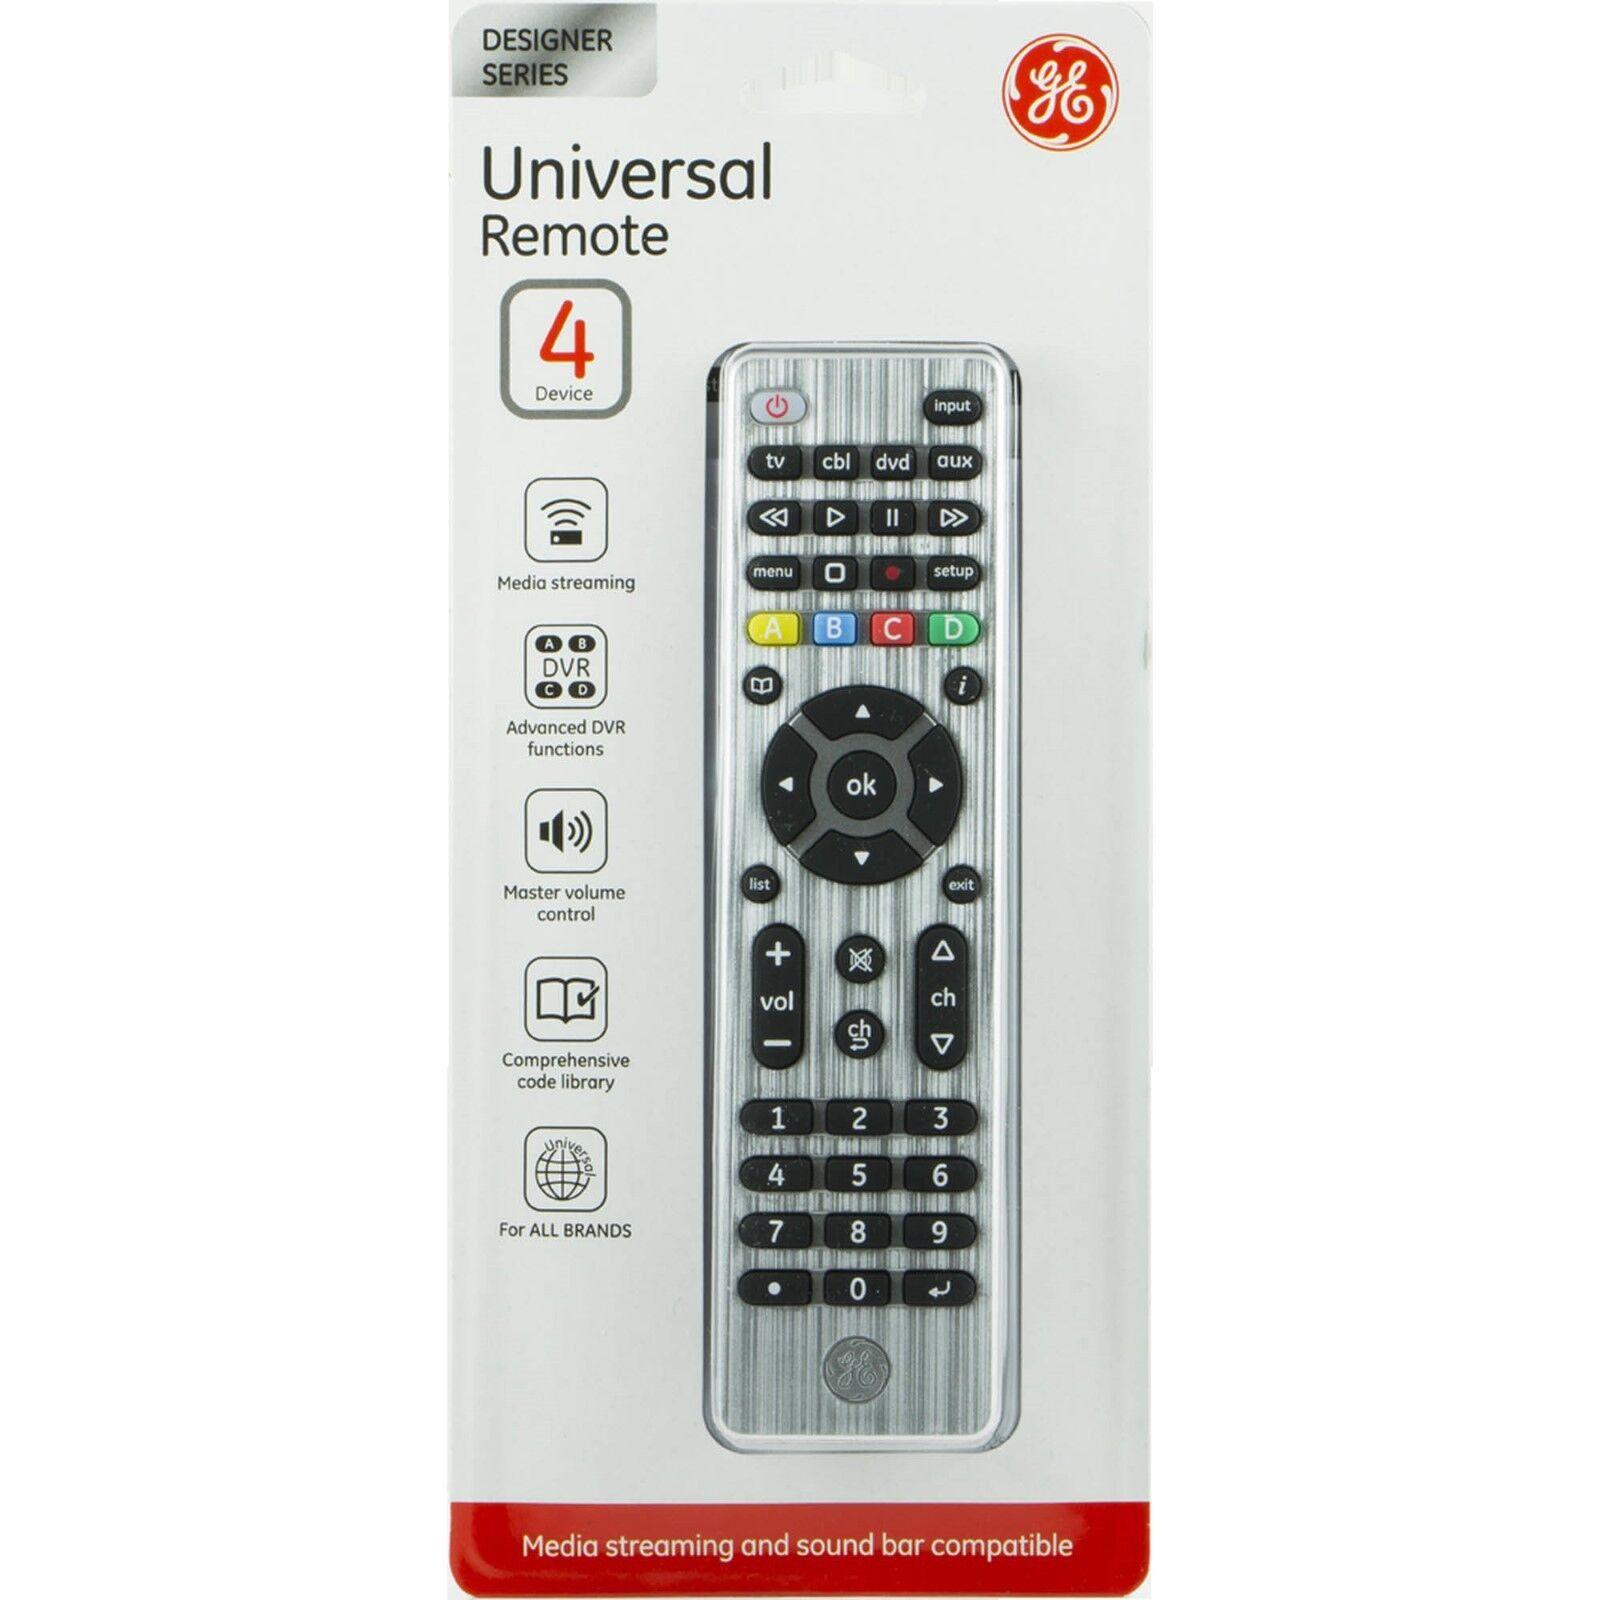 UNIVERSAL REMOTE 4 DEVICES MEDIA STREAMING&SOUND BAR COMPATI
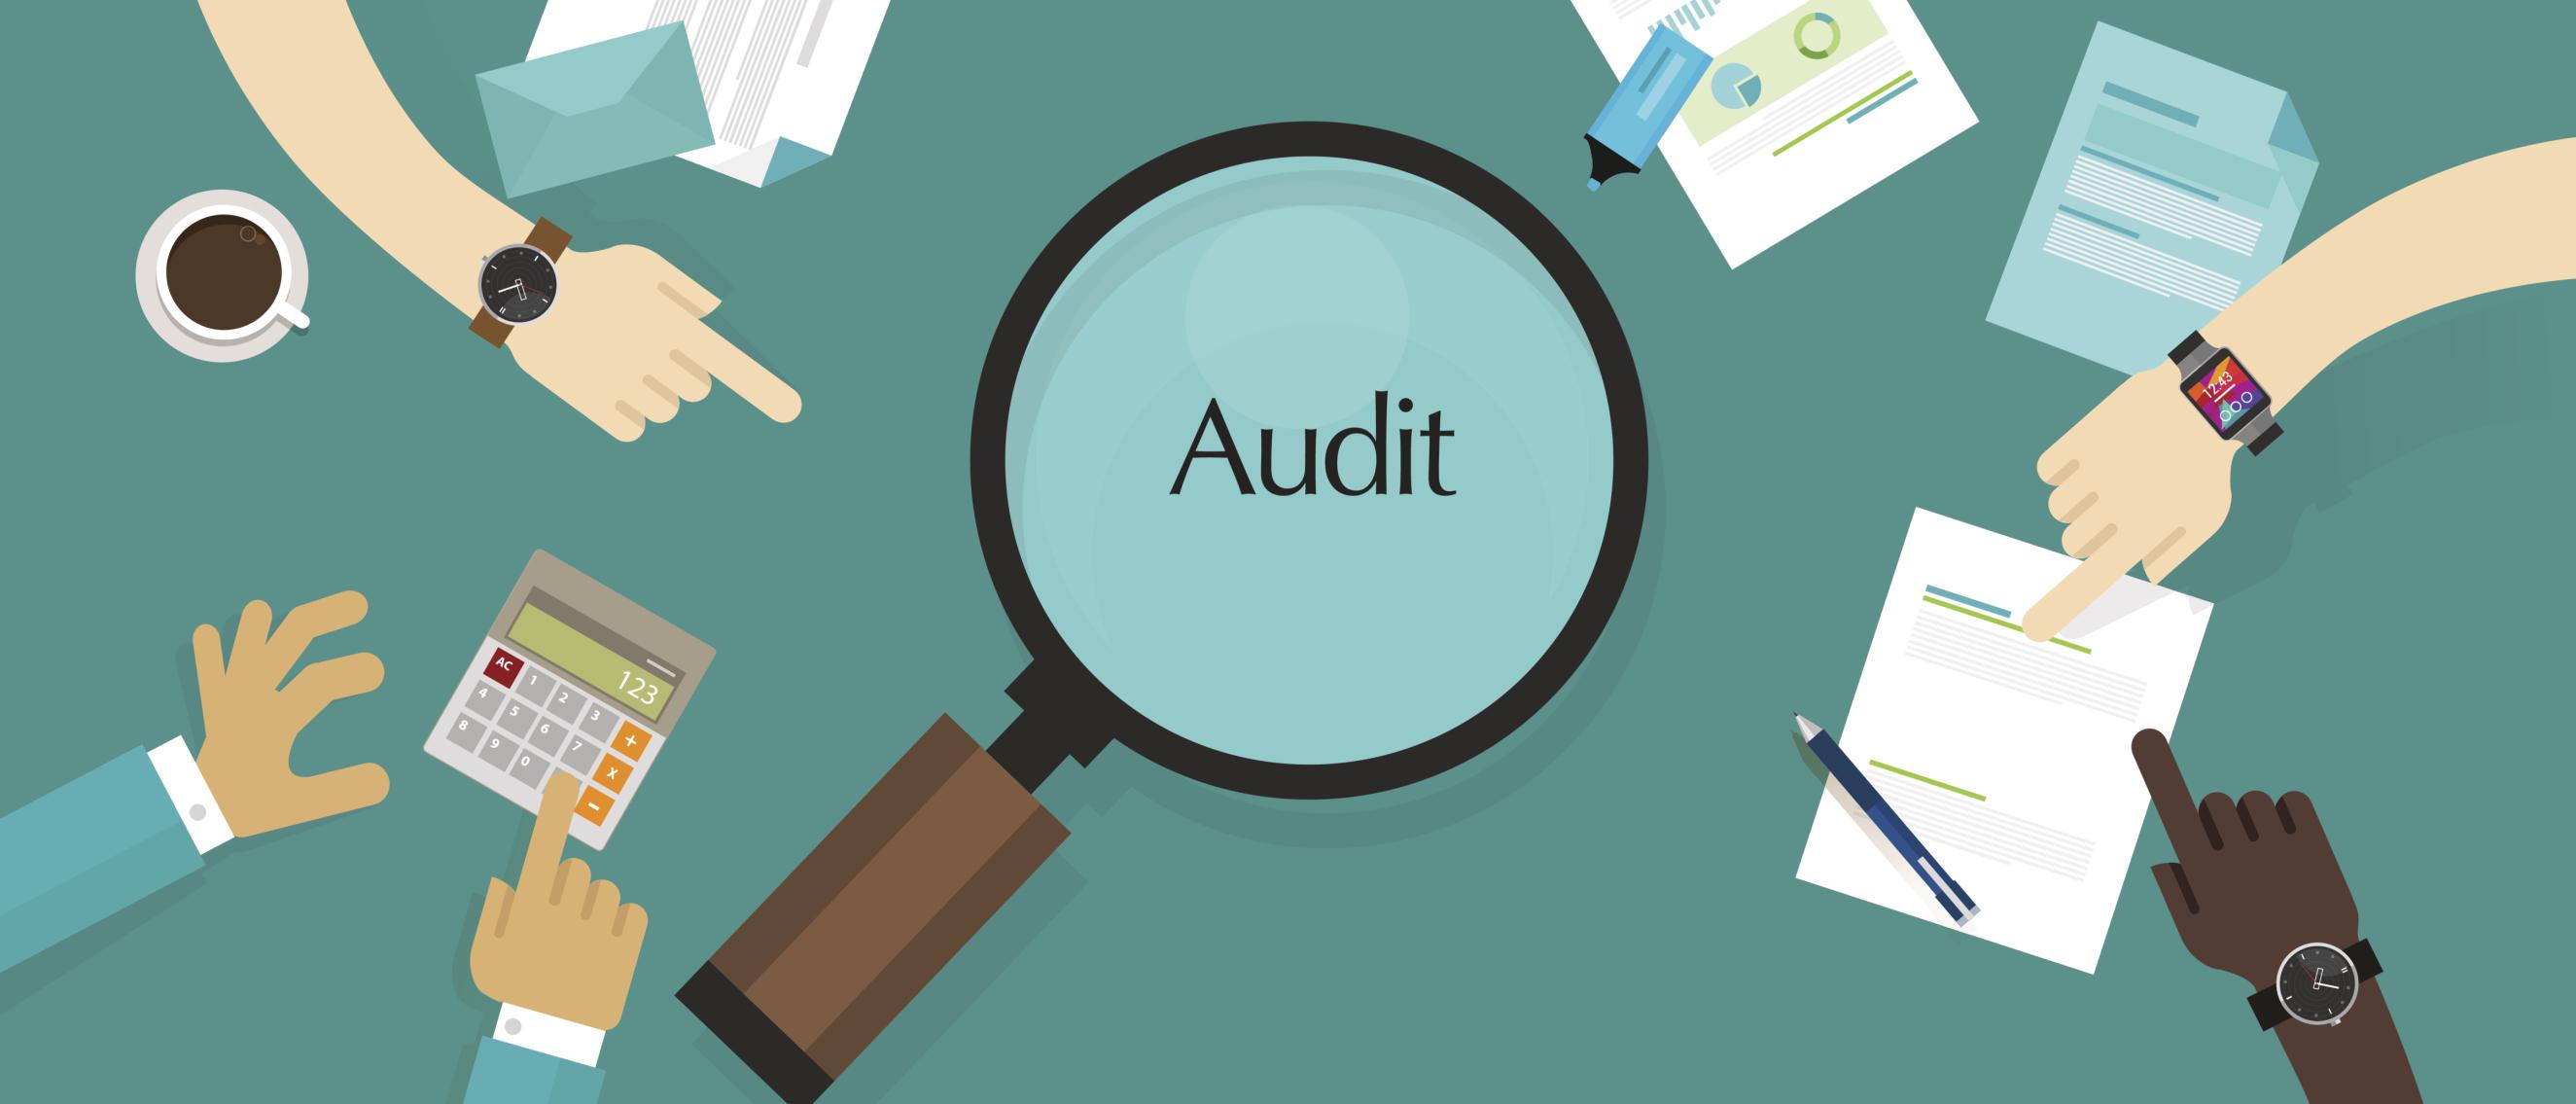 Pelatihan Strategi Menghadapi Audit Kepabeanan, Keberatan dan Banding
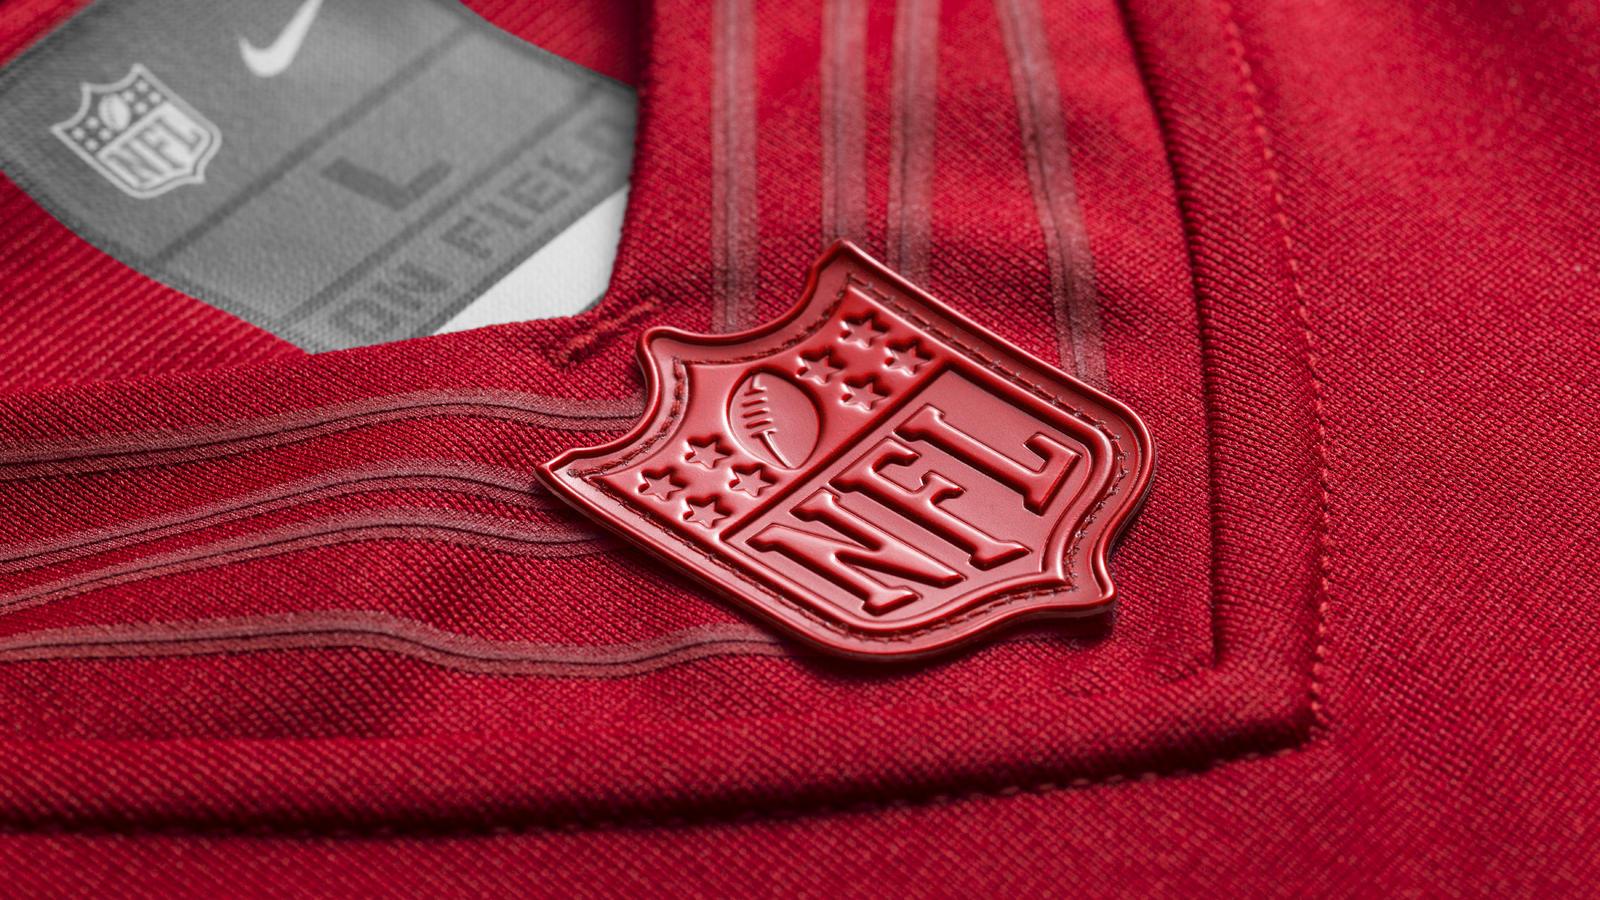 fa13_at_drenchpack_49ers_details_001_lr
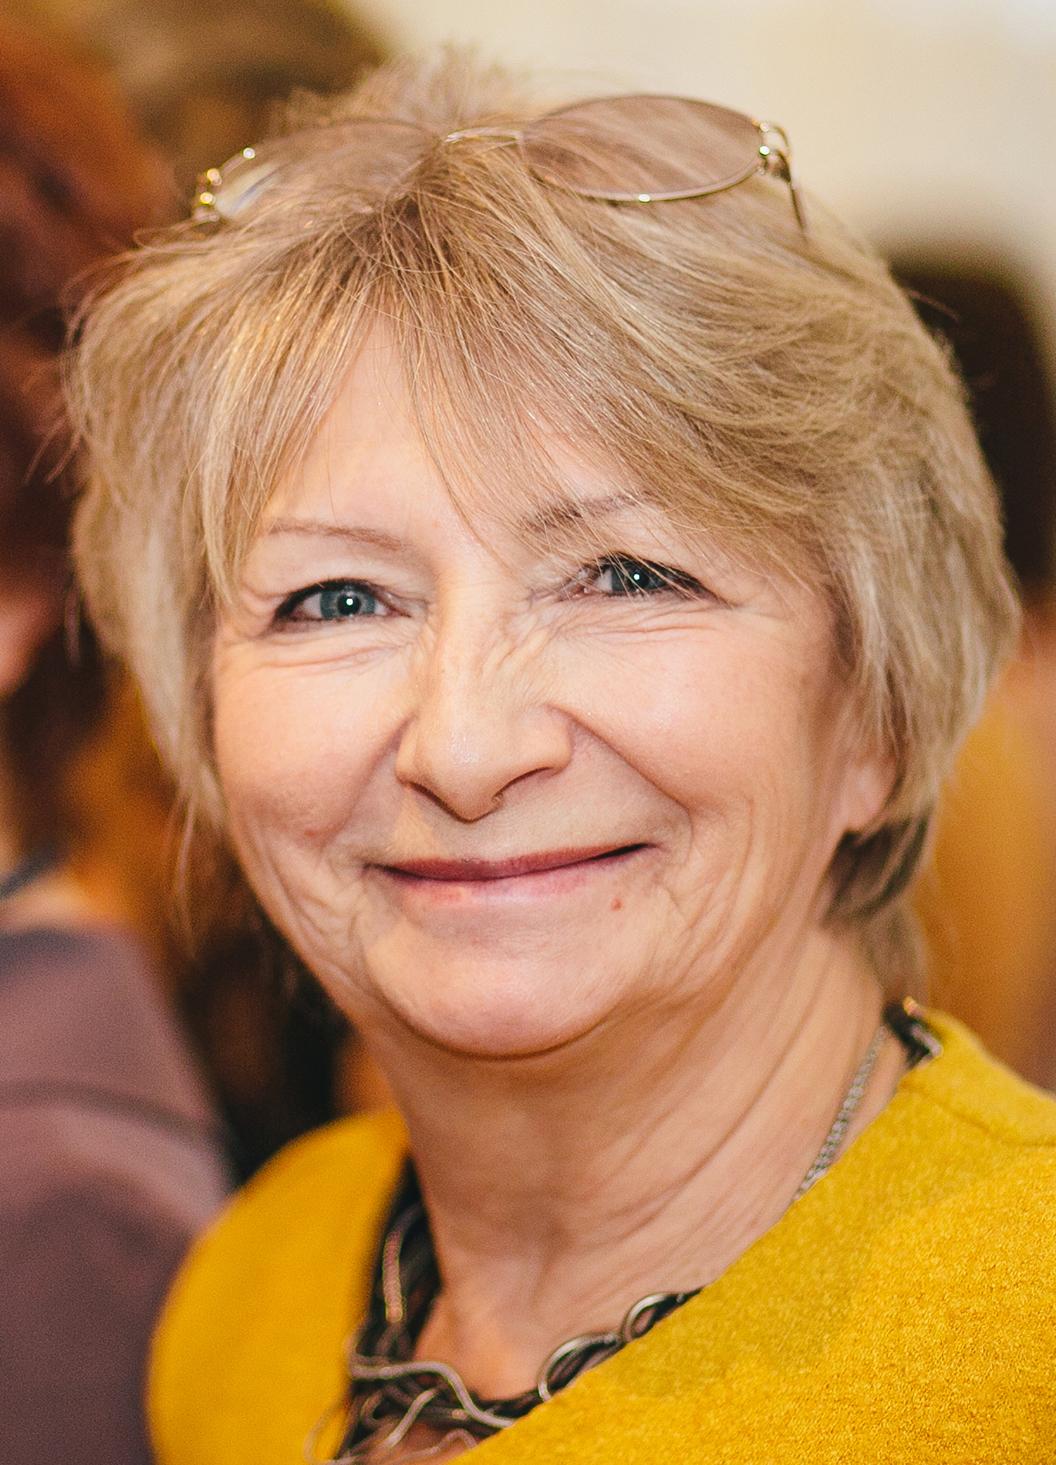 Левинская Наталия Сергеевна

YOUR GOAL: All of the data above should be quoted exactly, except for the pictures.

TASK OUTPUT:
 UNIVERSAL REMOTE 4 DEVICES MEDIA STREAMING&SOUND BAR COMPATI
 Pelatihan Strategi Menghadapi Audit Kepabeanan, Keberatan dan Banding
 fa13_at_drenchpack_49ers_details_001_lr
 Левинская Наталия Сергеевна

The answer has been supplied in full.